Mitt Romney is the wealthiest of the 2012 GOP contenders, but none of the others were living hard-scrabble lives. Even beyond the question of their net worth and annual income, most of them were current or former holders of high office: governors, senators, and House representatives.
None of these people are living anything remotely resembling your life, if you are one of these coveted “middle class voters.” And, as President Obama will eagerly tell you, their very different lifestyles don’t mean they’re lazy – they put a lot of work into their careers and campaigns. Everyone from Romney and Obama, to Jon Huntsman and Herman Cain, has impressive achievements on their resumes, which required a combination of talent, effort, and sacrifice.
But only some of those achievements are presented to us as admirable. We’re supposed to hate the folks who can boast private sector business triumphs, even though they have direct bearing on our current affairs. People with Romney or Cain’s business acumen are a smart choice to clean up the wreckage left by a “community organizer,” whose own Administration can’t figure out what he’s talking about when he attacks the oil industry.
The bottom line is that Obama is playing these “silver spoon politics” because he believes the class structure imposed by the Left on Americans will assemble a critical mass of sympathetic voters into the “middle class” he claims to originate from, while the details of Mitt Romney’s early life can be obscured enough to make those people think he is, and has always been, completely alien to their “class.”
That’s also why liberals have become fond of the term “working families” for the voters they have targeted. As if a family that makes $250,000 per year running a small business, becoming a hated pack of “millionaires” under Democrat rhetoric, doesn’t work hard for its money! But a politician who became a millionaire by writing books about himself, which no one bothered to read, claims he should be an honorary guest at the supper table of every “working family.”

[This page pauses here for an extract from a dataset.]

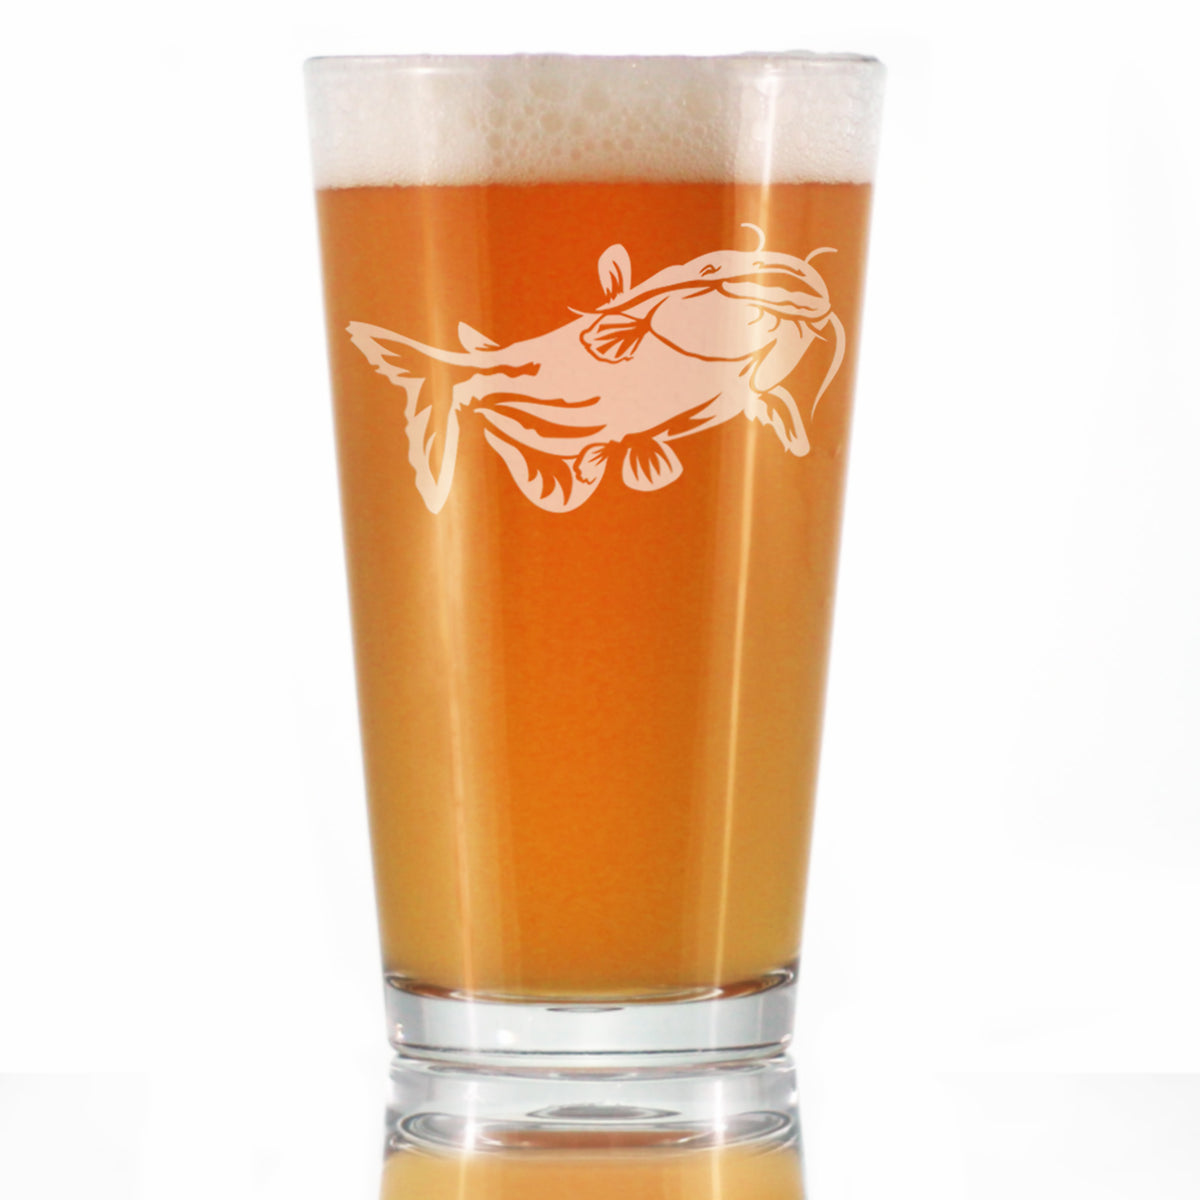 Catfish - Pint Glass for Beer - Catfishing Gifts for Fisherman - Fun Fish Cups - Fishing Decor - 16 oz
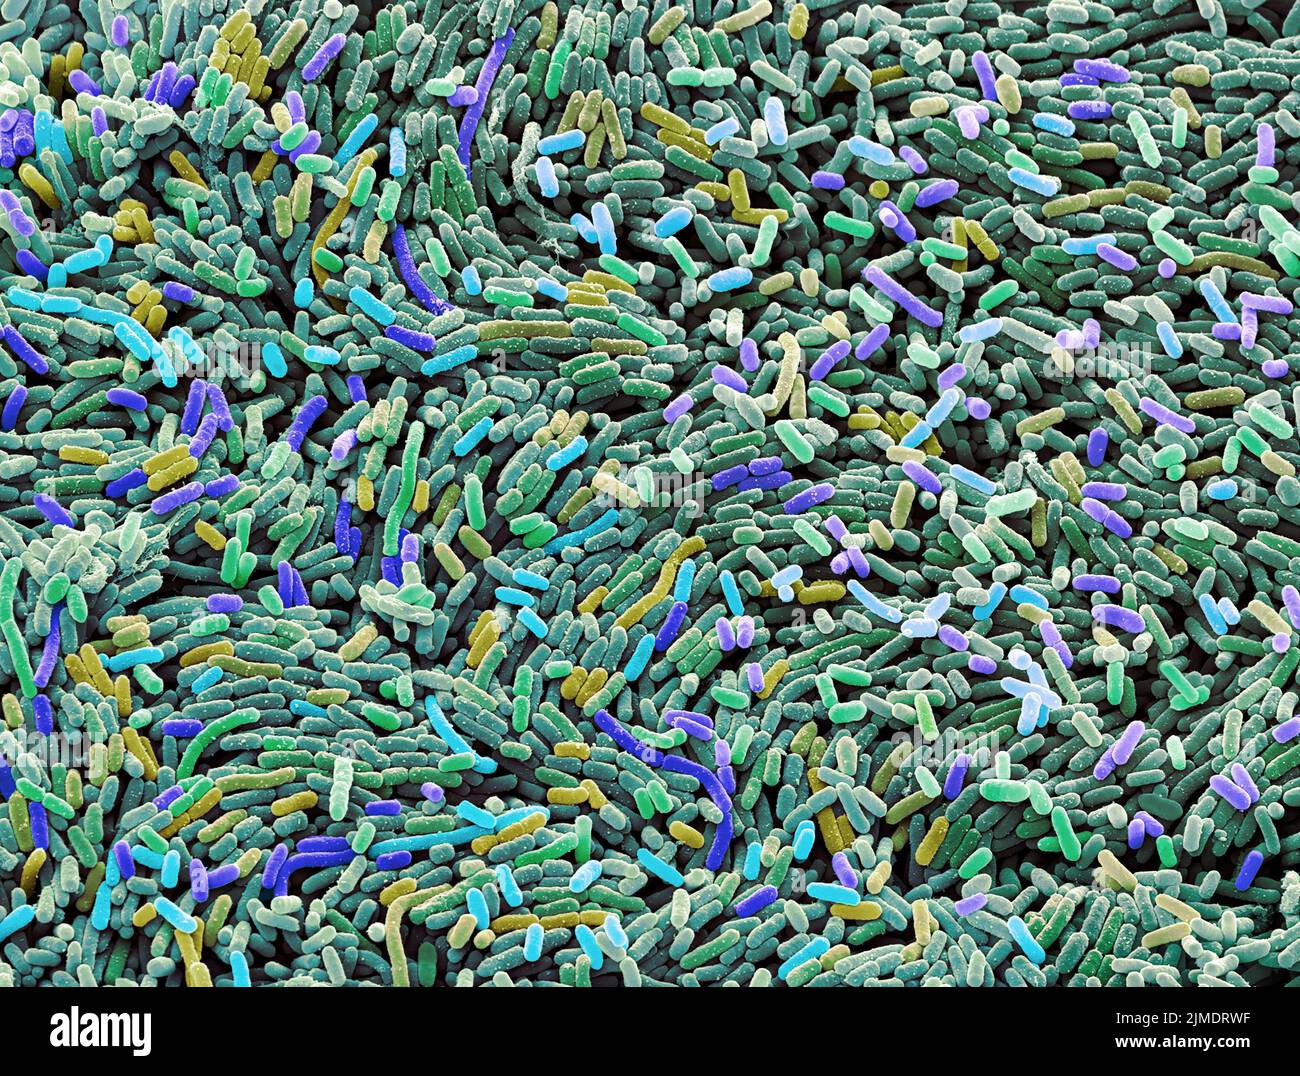 E.coli bacteria. Coloured scanning electron micrograph of the rod-shaped, Gram-negative bacteria Escherichia coli, commonly known as E. coli. These ba Stock Photo

Furthermore, Obama is playing on the deep-seated belief that humble originals automatically confer virtue – the old romantic notion that strong character is poured from the crucible of poverty. Combine this with the idea – promoted energetically by the Big Government Left – that public office is the morally superior path to personal success, and the delusion that a lifetime of public service cleanses Obama of self-interest, and you have a potent populist brew. He’s a millionaire, but he’s the “right” kind of millionaire. Statist politicians get rich by helping people, don’t you know! And their desire for power and money is totally selfless. Why, Obama even talks (and talks, and talks) about how he can’t wait to raise his own taxes!
You can look out your window to see the consequences of taking this childish twaddle seriously. Class warfare is the promise that caring nurses from humble backgrounds will surround America’s deathbed and weep as it fades away. We should be listening to what our candidates say they will do, and considering what they have achieved, instead of allowing them to lecture us about how little we can achieve without their help.